Kippour 5776

Dracha prononcée par Aline Benain, présidente d'Adath Shalom, le jour de Kippour (23 septembre 2015)

Chers amis,

 

Nous sortons d’une année terrible.

 

Je ne crois pas nécessaire de rappeler des faits que nous connaissons tous trop bien, cette barbarie dont certains, même après Toulouse, voulaient croire dans leur candeur, ou pire, dans leur naïveté feinte, qu’elle ne pouvait pas  nous atteindre.

Cette situation, d’une gravité inédite, nous a contraints à prendre des mesures exceptionnelles, à changer aussi nos comportements, parfois trop légers en matière de sécurité.

Je veux remercier chacune et chacun des efforts consentis pour garantir la sécurité de tous. J’y vois, non pas seulement l’effet d’une inquiétude pour soi mais le souci précieux de la Communauté.

Cependant, alors que les faits, tragiques et têtus, nous contraignaient à barricader nos mûrs, nous avons veillé, et je crois réussi, à ne murer ni nos esprits, ni nos cœurs.

Nos offices, nos cours et l’ensemble de nos activités se sont poursuivis aussi normalement que possible et sans discontinuité.
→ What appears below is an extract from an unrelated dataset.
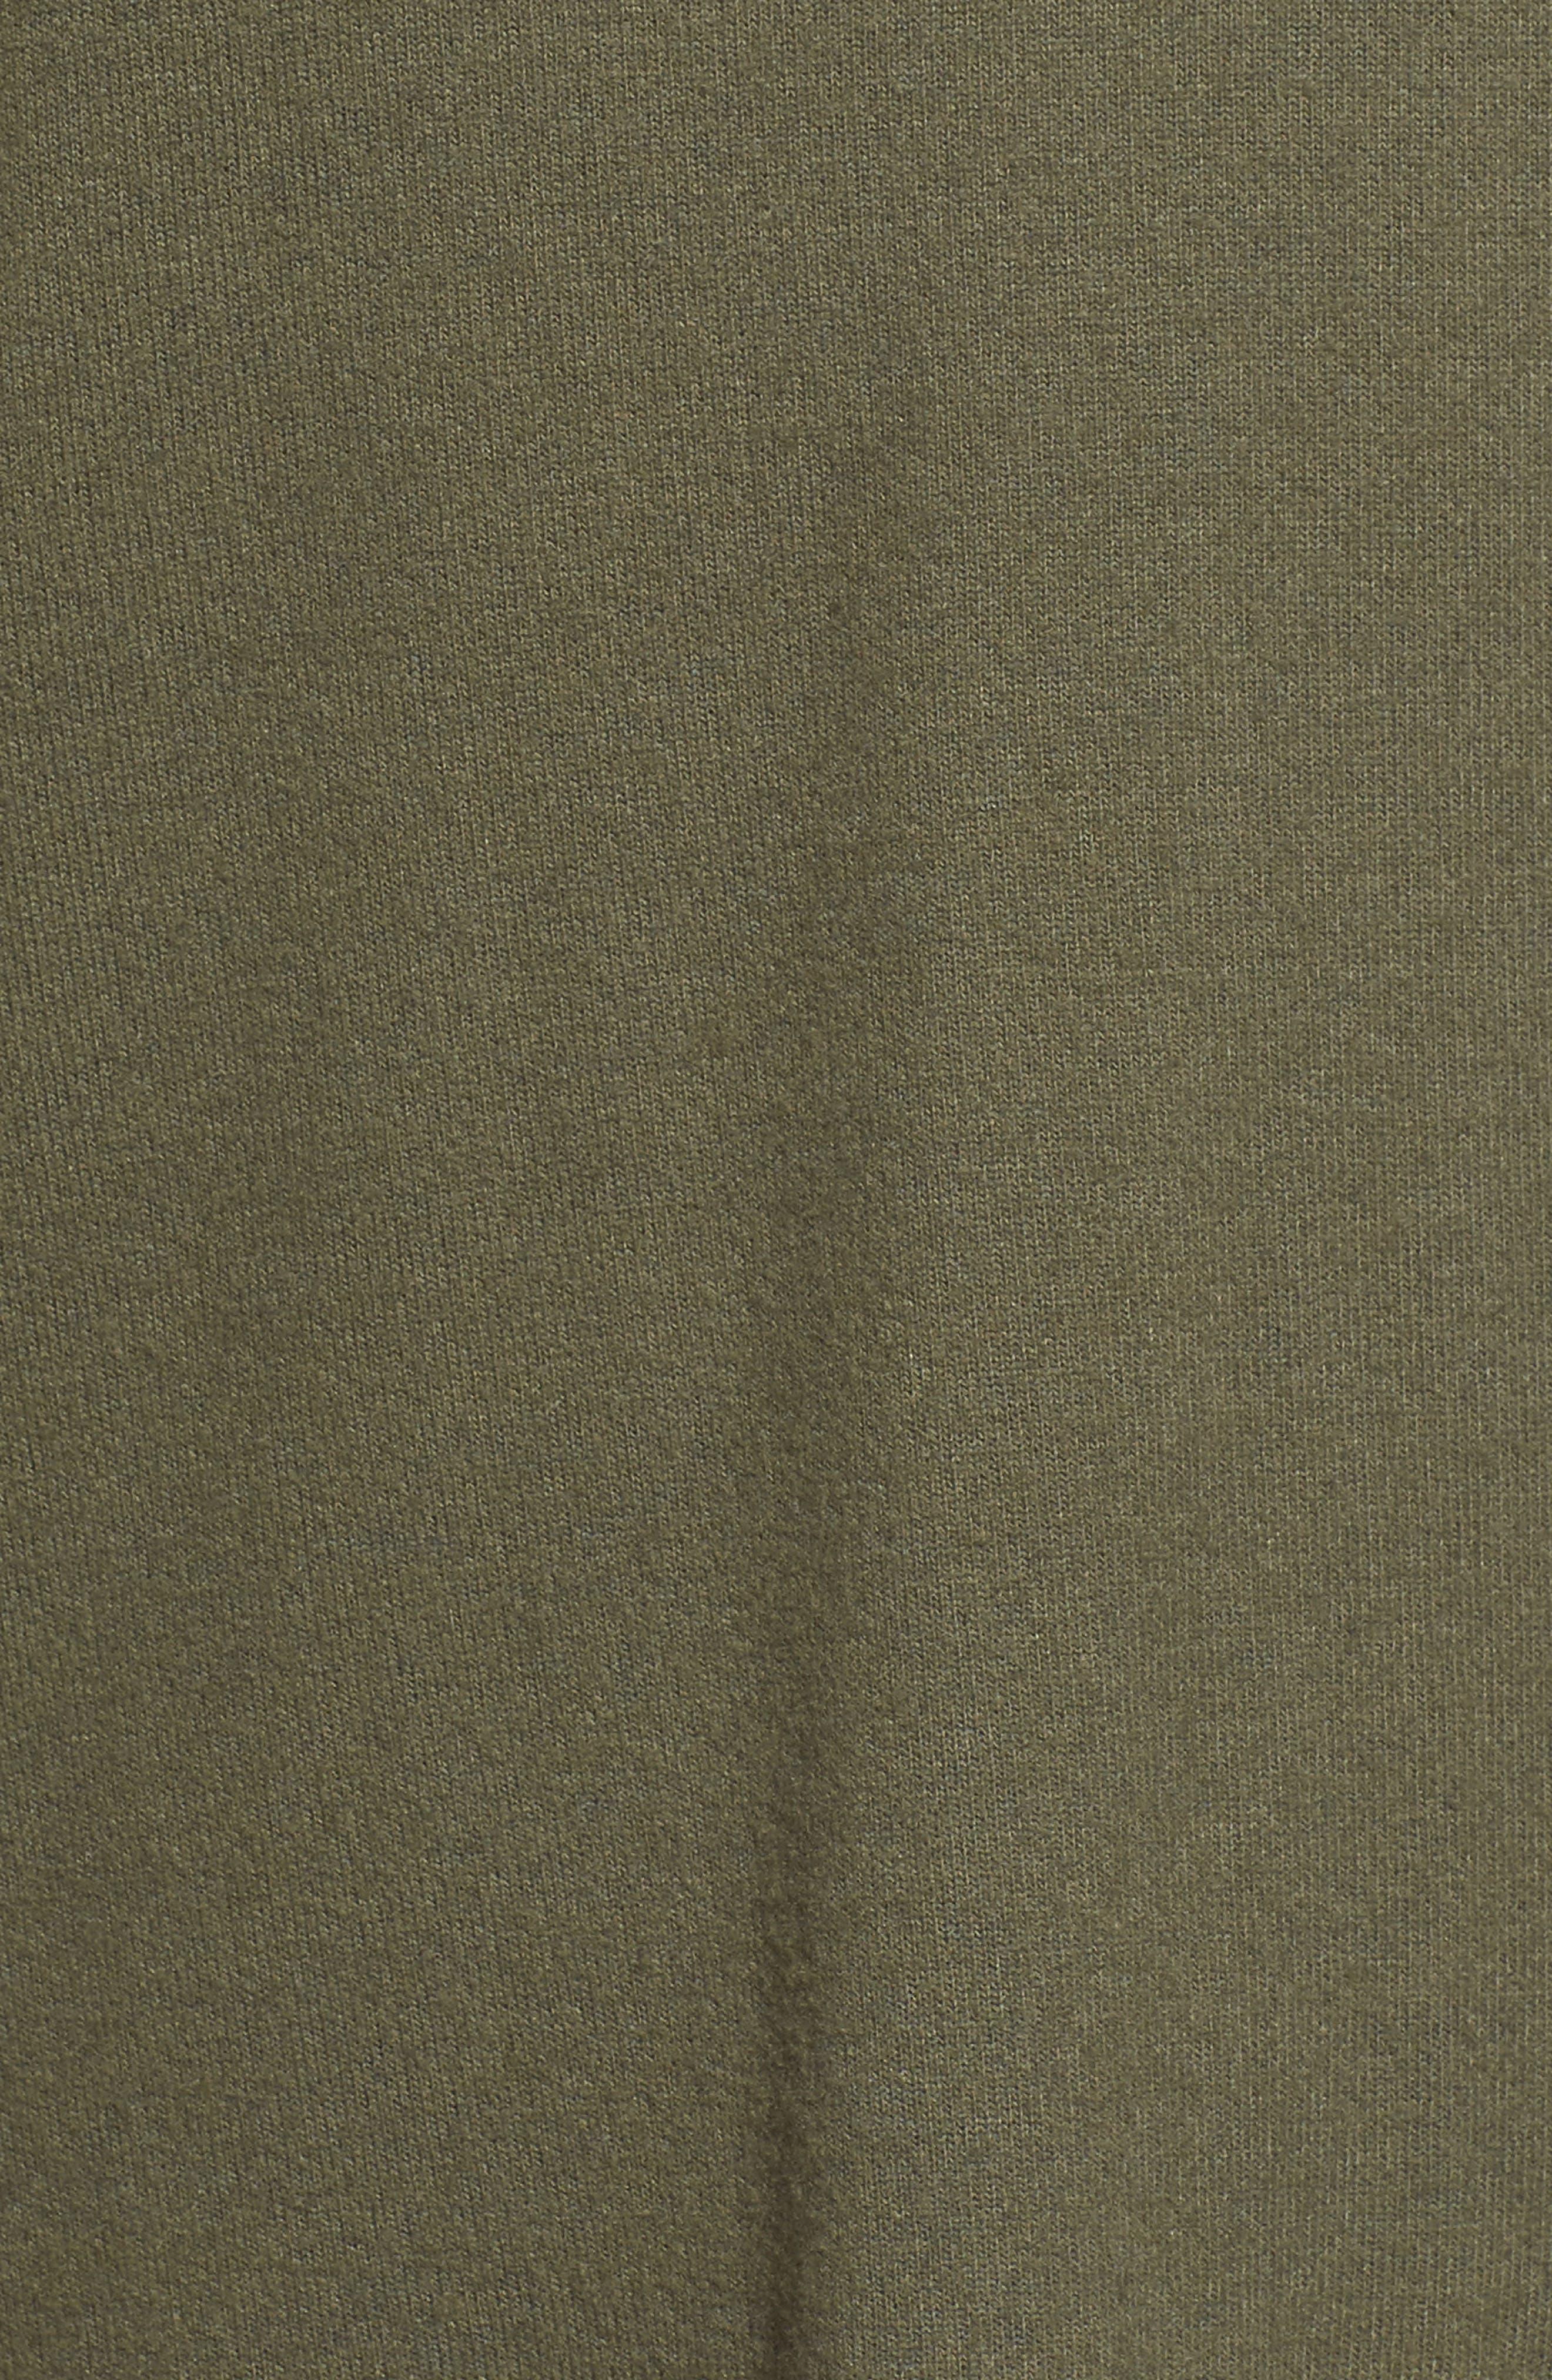 Bell Sleeve Cozy Fleece Pullover,                             Alternate thumbnail 56, color,

Faire autrement, c’eut été, déjà, donner la victoire aux forces qui souhaitent nous voir disparaitre.

Le récent succès de la Journée Portes Ouvertes que nous avons organisée et à l’occasion de laquelle un nombre considérable de bénévoles s’est mobilisé, est la démonstration que nous ne sommes trompés ni sur l’objectif, ni sur la méthode.

Plus que jamais, il relève de notre responsabilité, de notre devoir - j’allais dire de notre mission- de faire vivre à l’intérieur de notre Communauté, dans le monde juif et à l’extérieur, ce Judaïsme exigeant et ouvert que nous aimons et dont nous savons qu’il est vecteur d’avenir et de pérennité.
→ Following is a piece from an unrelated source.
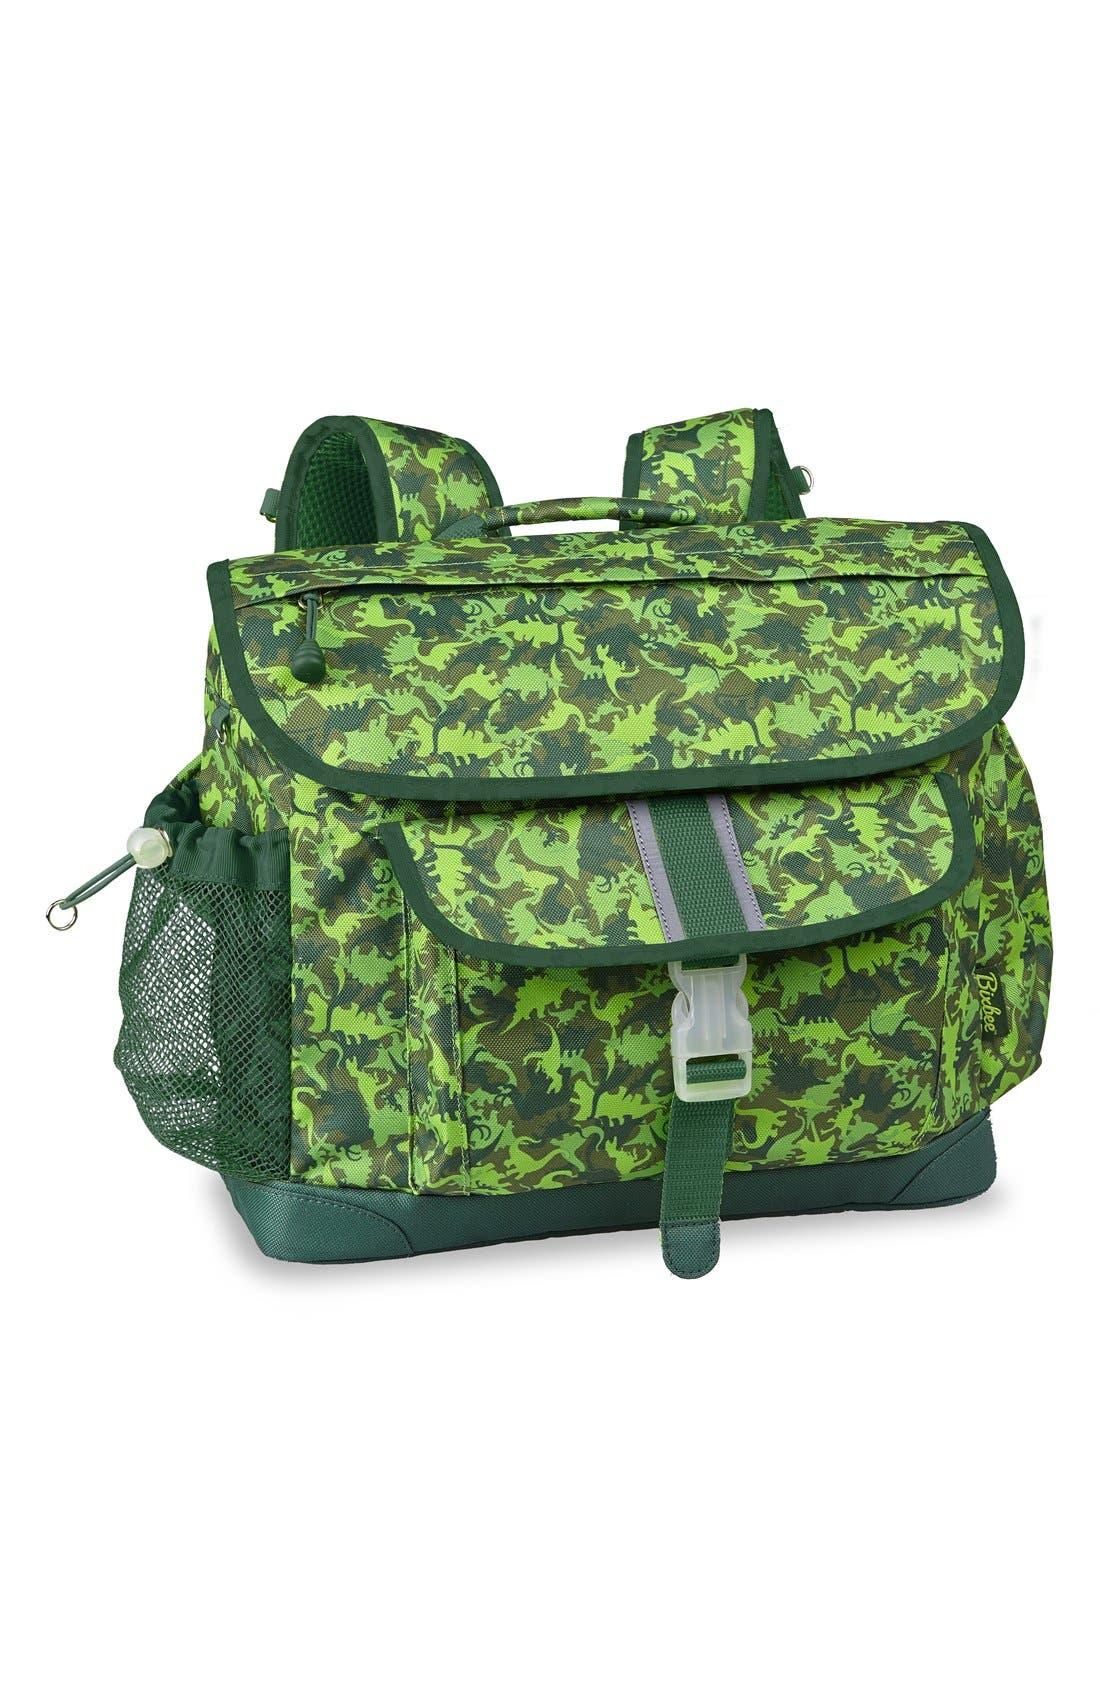 Bixbee 'Large Dino Camo' Water Resistant Backpack (Kids)

« Choisir la vie » à chaque instant, c’est essayer d’être à la hauteur de la vocation historique et transcendante confiée à notre Peuple, vocation dont nous sommes les dépositaires et devons être les passeurs modestes, opiniâtres et efficaces : « Mamlehet Cohanim ve Goy Kadoch », « Une Nation de prêtres et un Peuple saint ».
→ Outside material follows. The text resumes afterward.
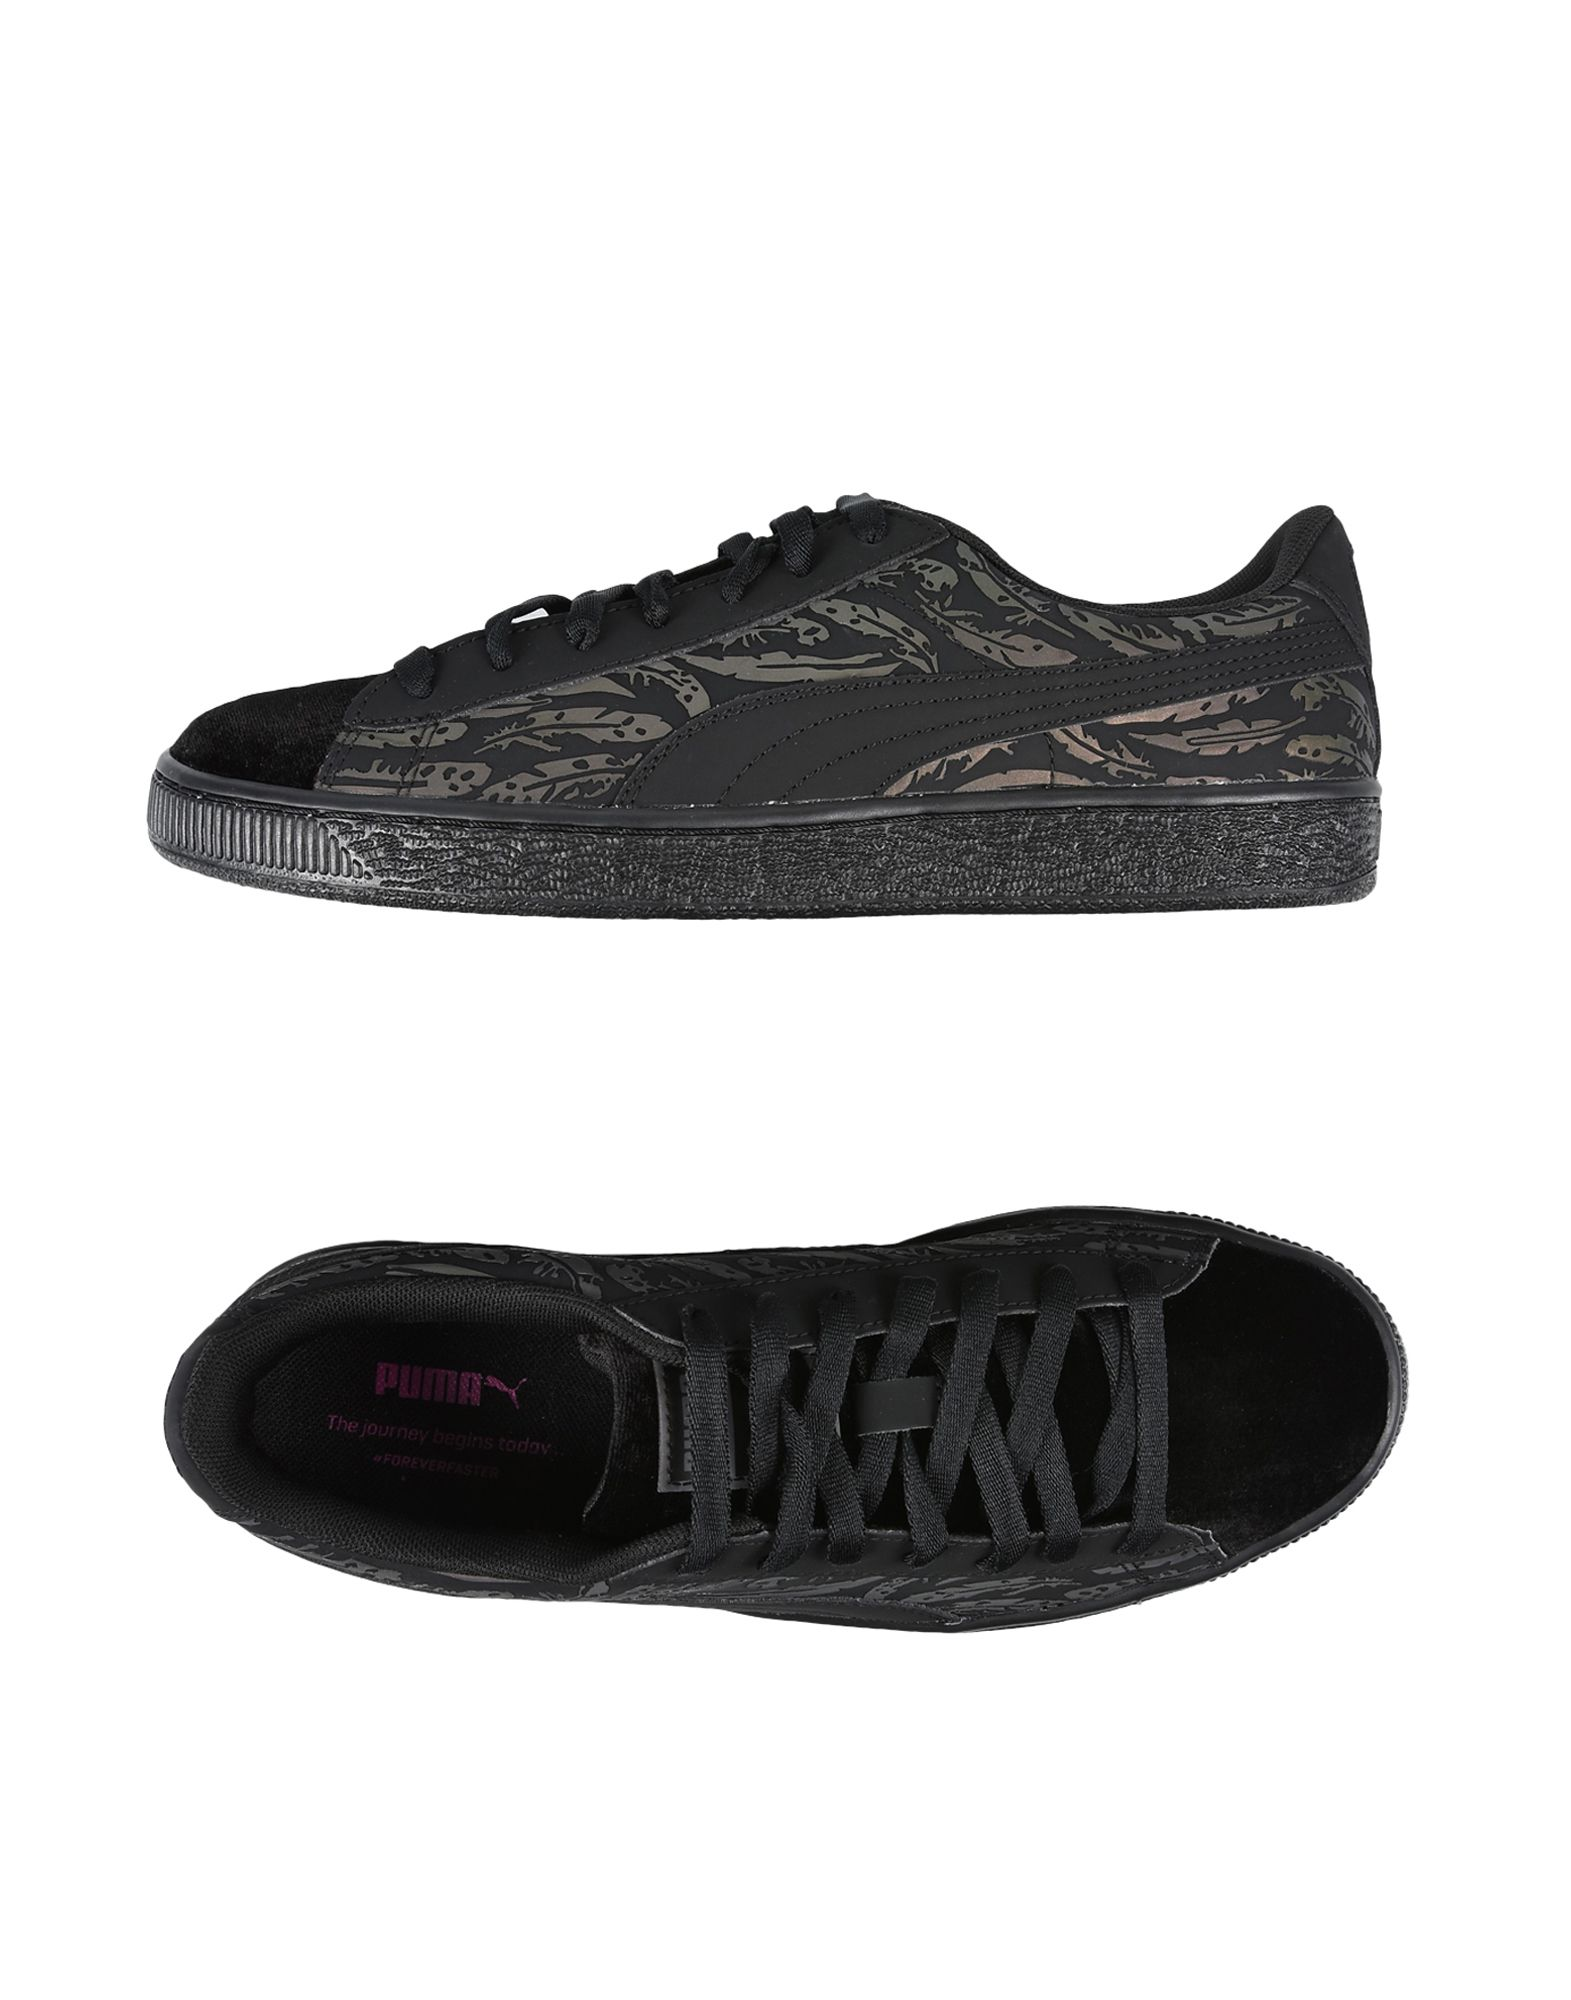 Sneakers Puma Basket Swan Wns - Femme - Sneakers Puma sur

Je lisais tout récemment un bel enseignement du Rav Steinsaltz à propos des fêtes de Tichri : « La question du Sage, remarquait-il, contient en elle-même les germes de la réponse, cependant au moment de quitter une année et pour se préparer à entrer dans la suivante, nous devons d’abord nous interroger quant aux questions qui doivent être posées, nous fertilisons ainsi le sol d’où pourront jaillir les réponses ».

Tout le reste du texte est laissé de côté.